* [Assignment]: When you repeat the material, keep each line exact and omit the pictures.

* [Available data]:
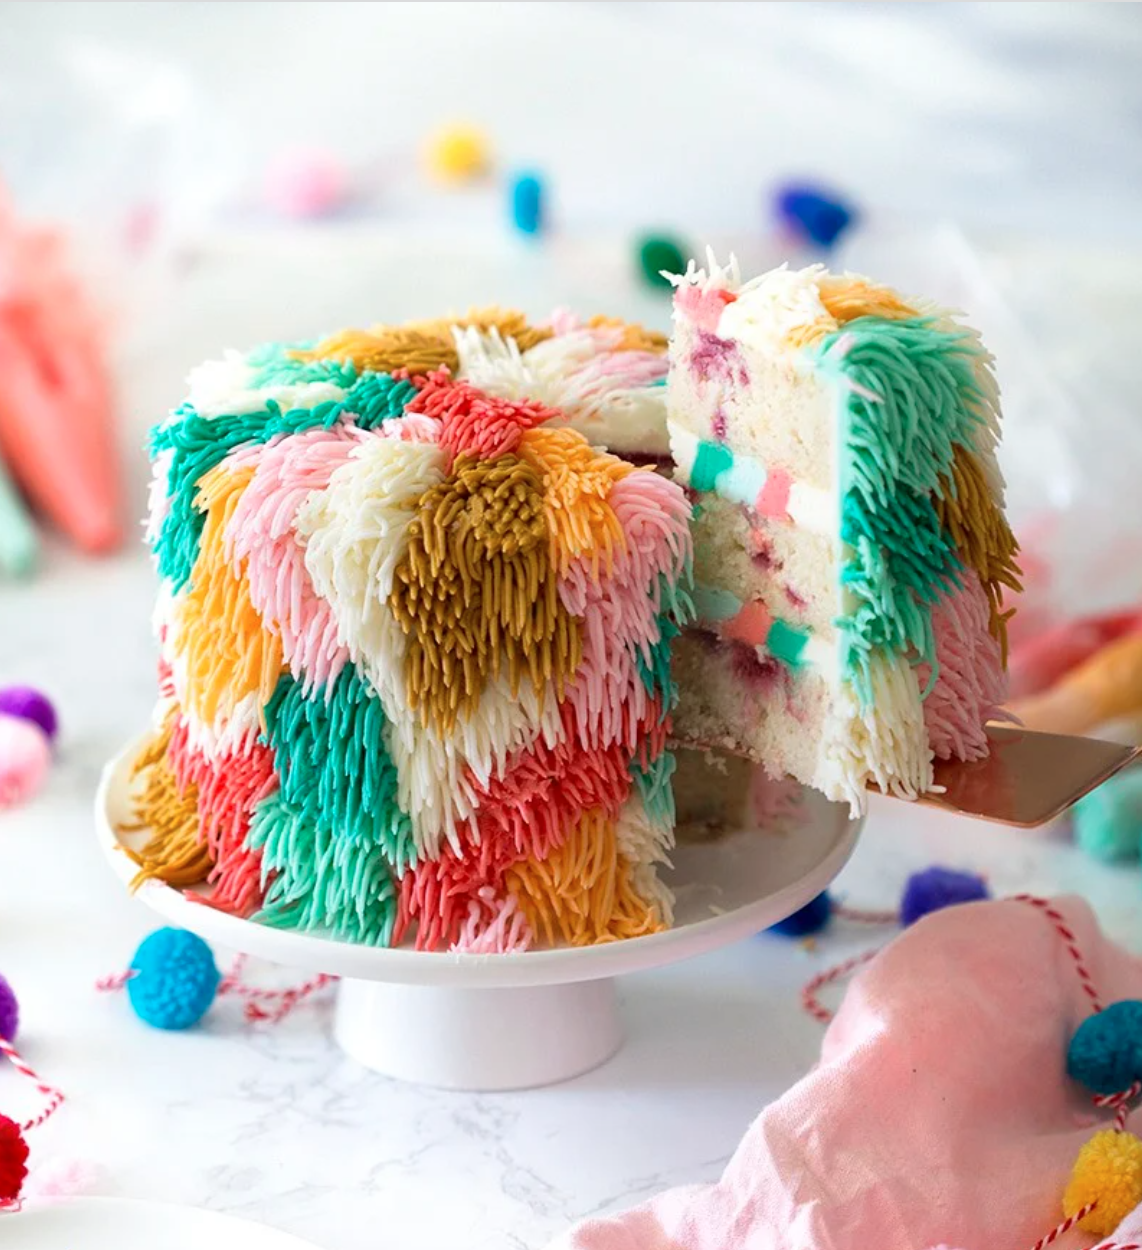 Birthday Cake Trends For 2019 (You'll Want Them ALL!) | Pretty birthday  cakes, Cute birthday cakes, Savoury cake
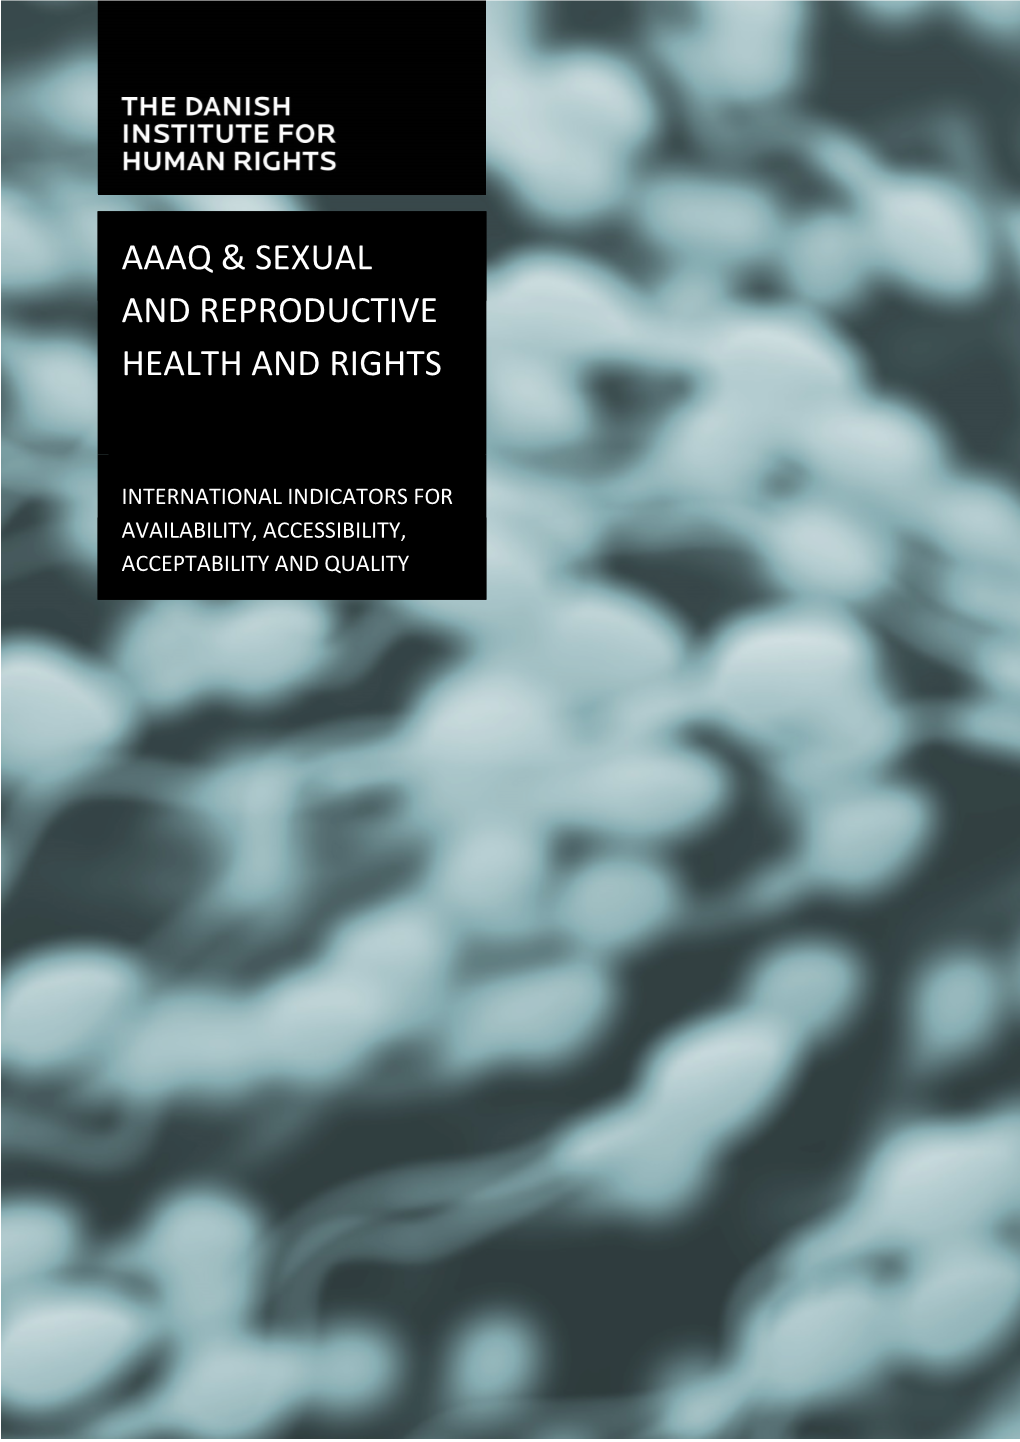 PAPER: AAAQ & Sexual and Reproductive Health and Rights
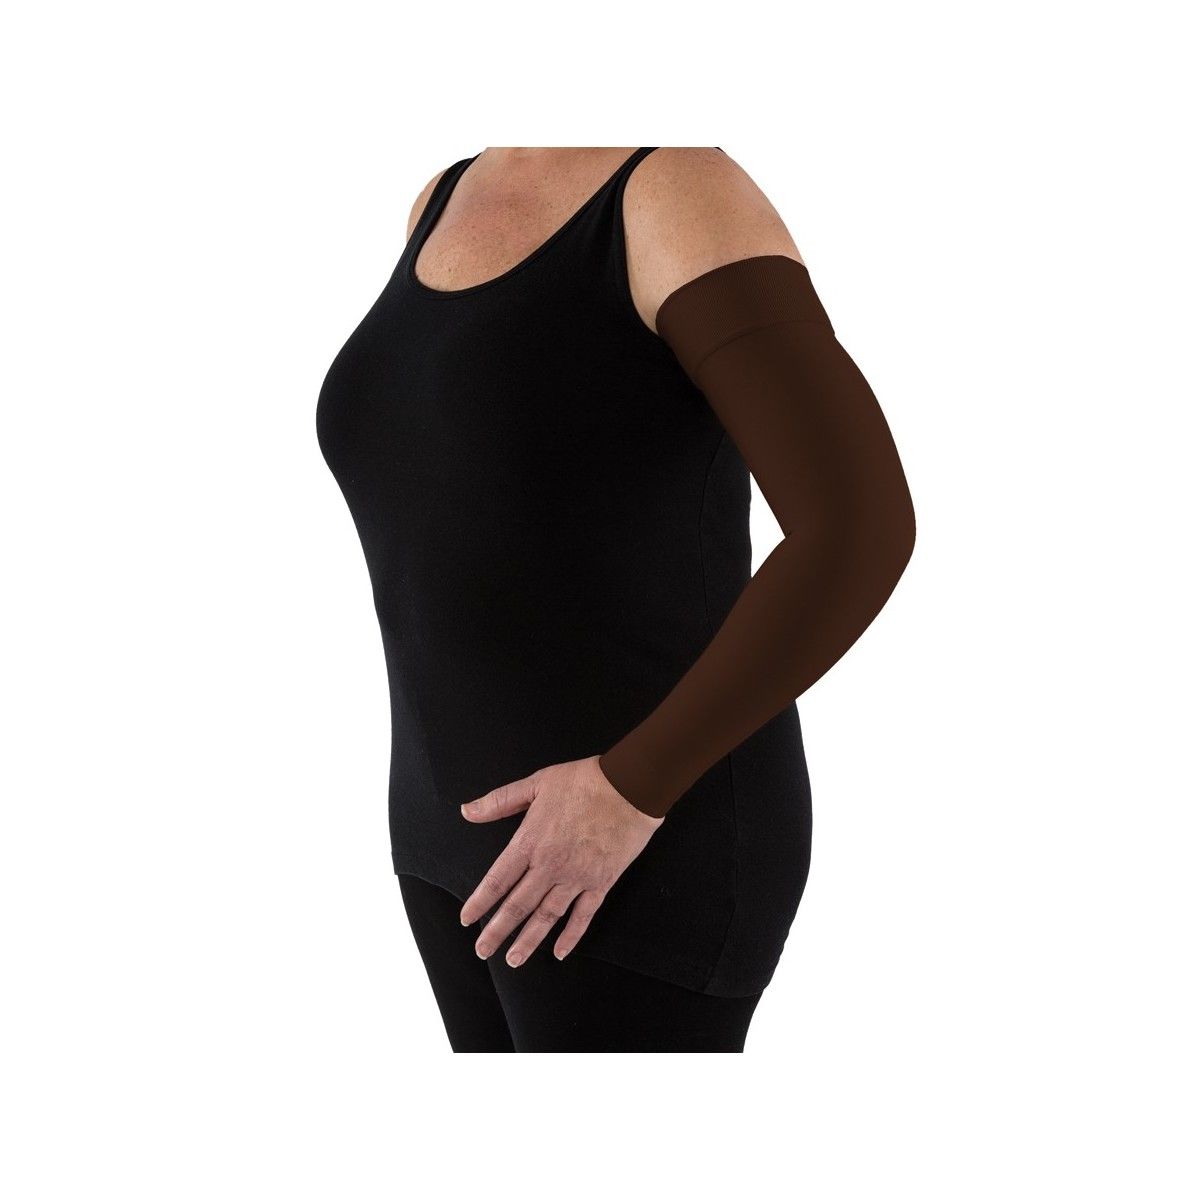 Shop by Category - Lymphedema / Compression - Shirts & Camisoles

* [Task response]:
 Birthday Cake Trends For 2019 (You'll Want Them ALL!) | Pretty birthday  cakes, Cute birthday cakes, Savoury cake
 PAPER: AAAQ & Sexual and Reproductive Health and Rights
 Shop by Category - Lymphedema / Compression - Shirts & Camisoles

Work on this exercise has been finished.